This situation begs an obvious question: Do I need a will? One simple way to determine if you need a will is if you can’t truthfully answer “No” to both of the following questions:

Do you care who gets your money and property when you die?
Do you care who is appointed guardian of your minor children if you die?

If you answered “Yes” to either or both of those questions, you need a will! Otherwise, state laws will determine the outcome of those situations – and it’s not likely that you would have made the same decisions that the state would.

Why should you have a will?

A will is appropriate for anyone, not just the rich, no matter how much money or property you have. A will is your instructions for how you’d like your belongings and assets distributed at your passing. Without a will, the courts will decide to whom your property will go – without regard to your wishes. The courts, according to state law, have a specific succession path that they will follow in distributing your assets. They won’t account for the fact that you loaned some money to your first child when they purchased their home, and as such you had intended to “equal things out” with the other two kids at your passing, for example.

In addition, anyone with minor children should definitely have a will. Only you (and presumably your spouse) should be making the decisions about who will care for the children as their guardian in the event of your untimely death. No one wants to think about death as a near-term event – but it happens every day. If it should happen to you and you don’t have a will in effect, your family and loved ones will be thrown into a confusing world of decisions that they aren’t prepared to make, on top of the very difficult situation that they already have in dealing with your death.

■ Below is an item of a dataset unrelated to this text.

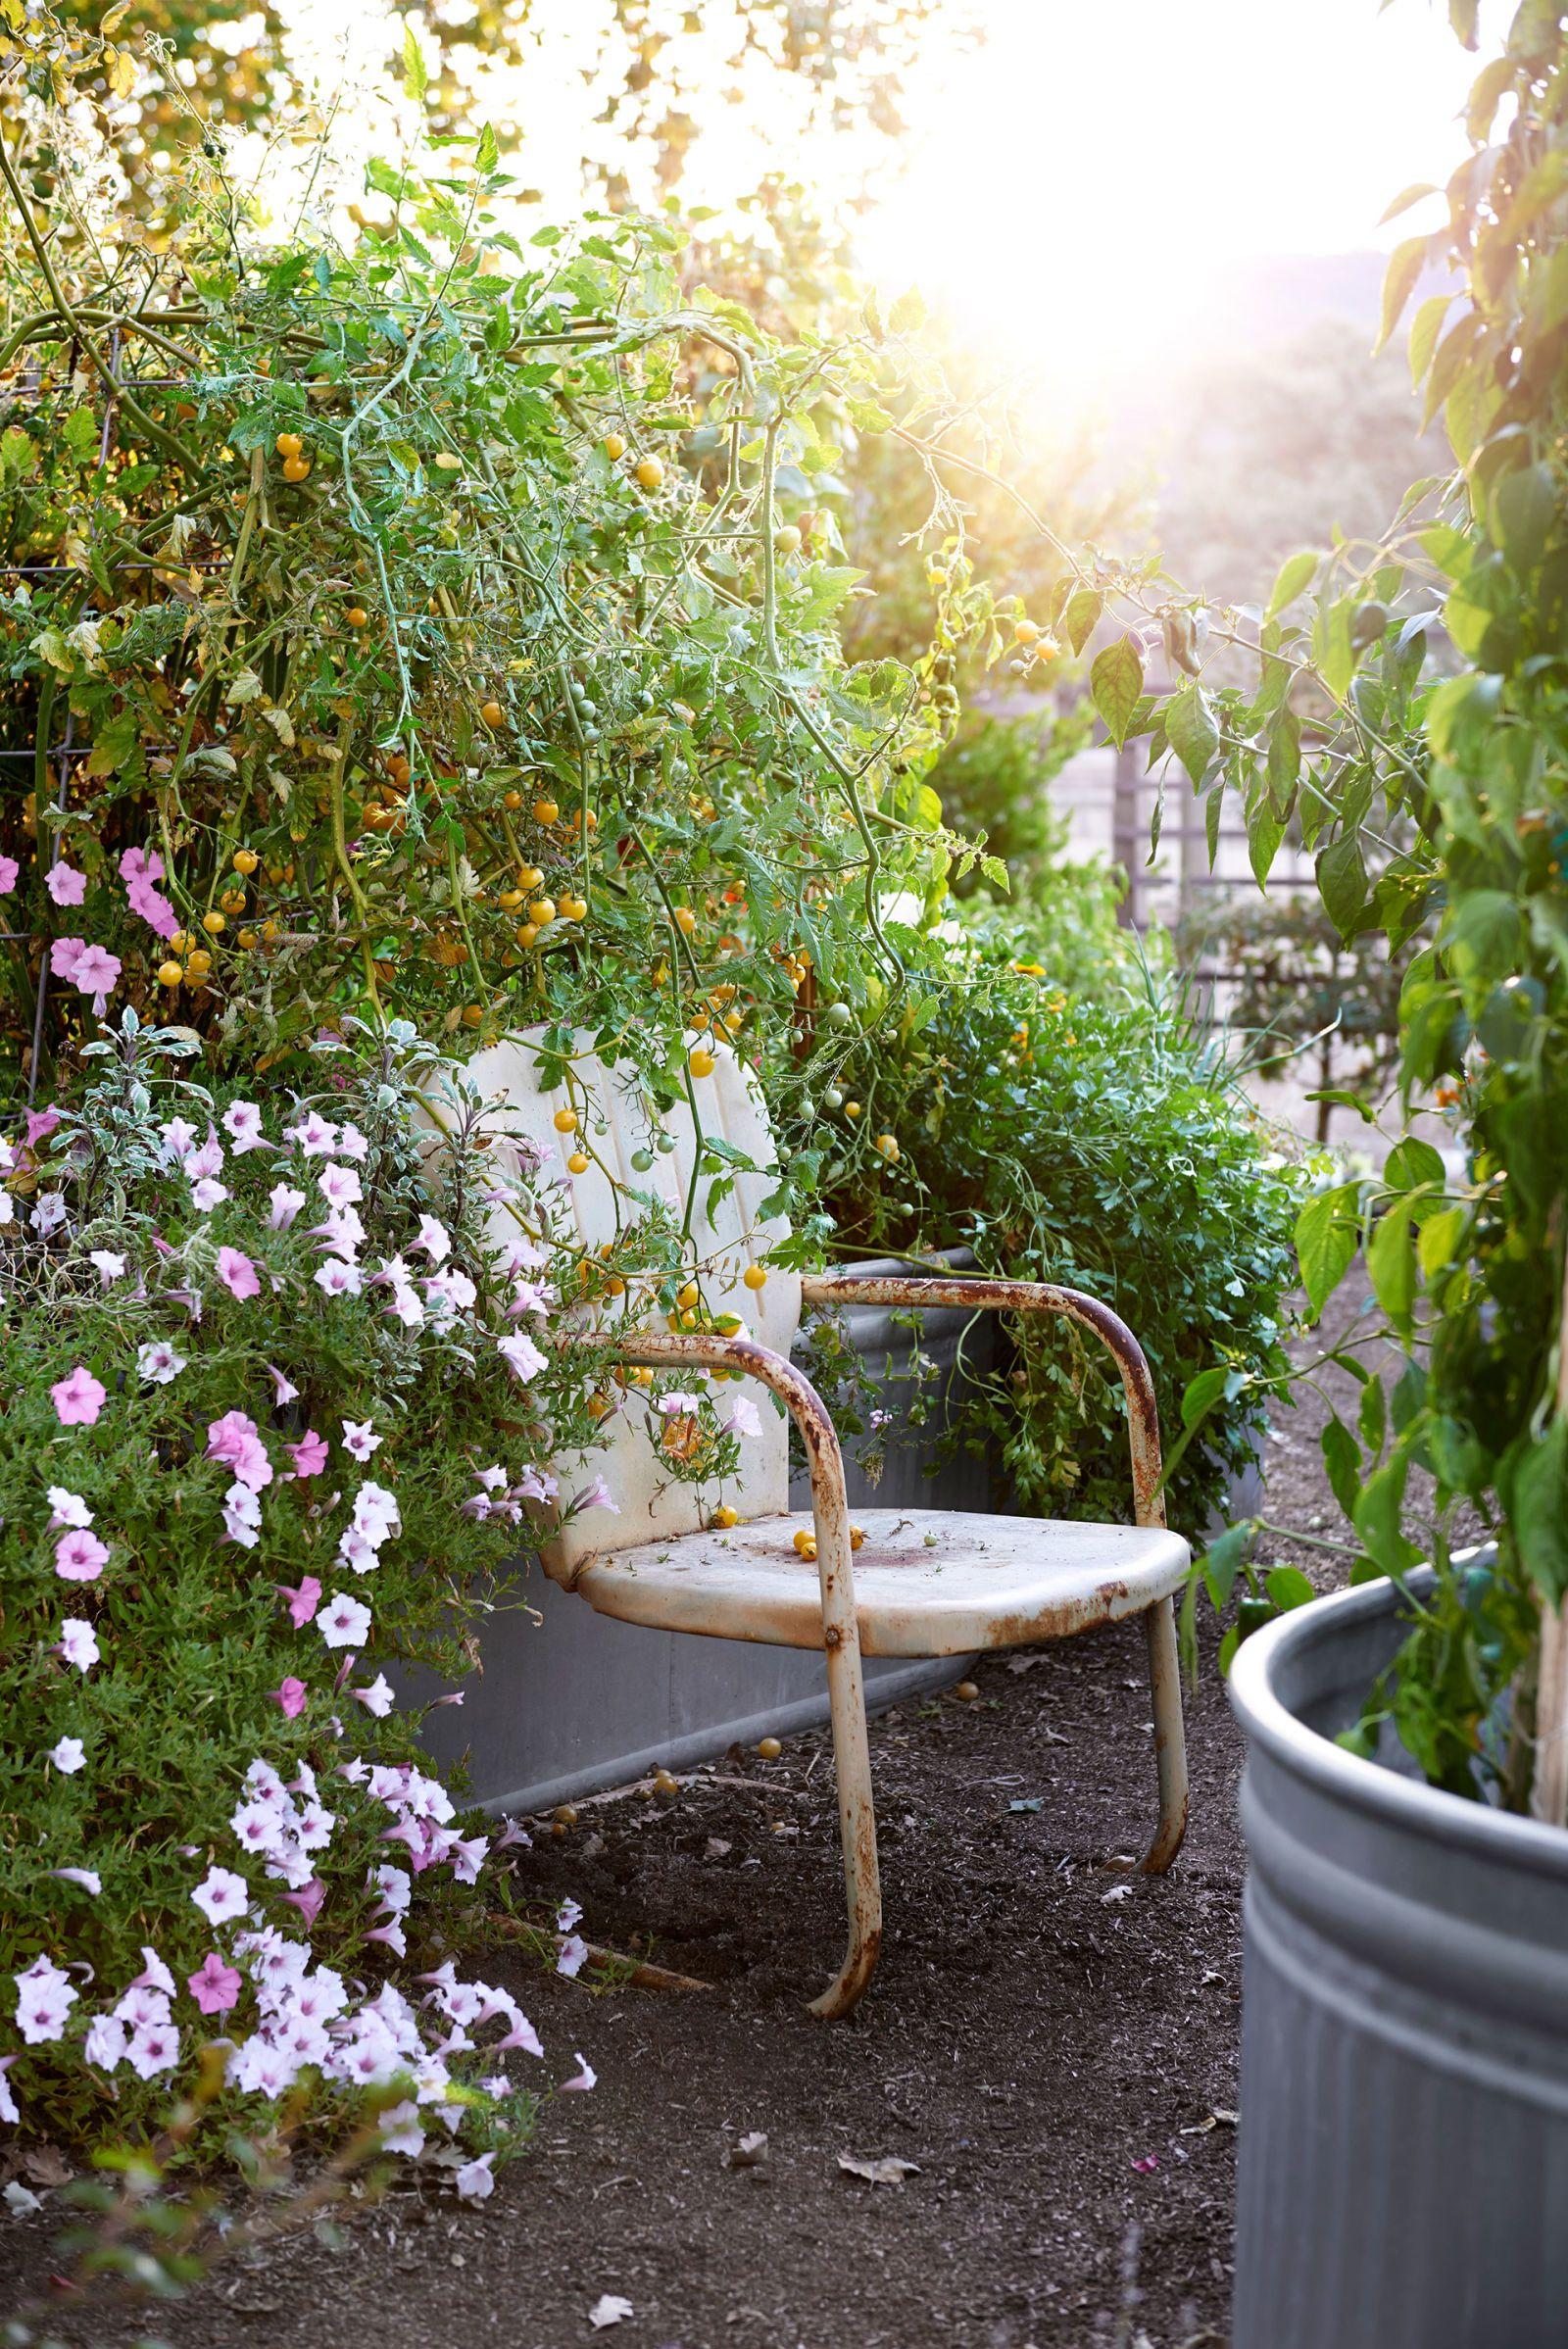 28 New Ideas for Your Garden

A third reason to have a will is for tax benefits. By utilizing your will to pass along your assets that have grown in value through the years (as opposed to making gifts during your lifetime), your heirs will receive the property at a “stepped up” value as of the date of your death (in most cases). For example, let’s say you own a piece of farmland that you purchased for $100,000 many years ago. Today, the land is actually worth something like $1,500,000 due to appreciation in land values. If you were to give this land to your son as a gift during your lifetime, and the son sold the land, he would owe capital gains tax on $1,400,000 (the growth of the value of the land), which would amount to something like $210,000 at a 15% rate. On the other hand, if you bequeathed the property to your son via your will (assuming that your overall estate was worth something south of $5.45 million), then there would be no tax owed, either on the transfer of the property or when your son sells it, if he sells immediately. This is because the act of inheriting property causes a “step up” in the value of the property, and so the tax basis of the property is $1,500,000, leaving no capital gain to tax (assuming again that the son sells the property for $1,500,000).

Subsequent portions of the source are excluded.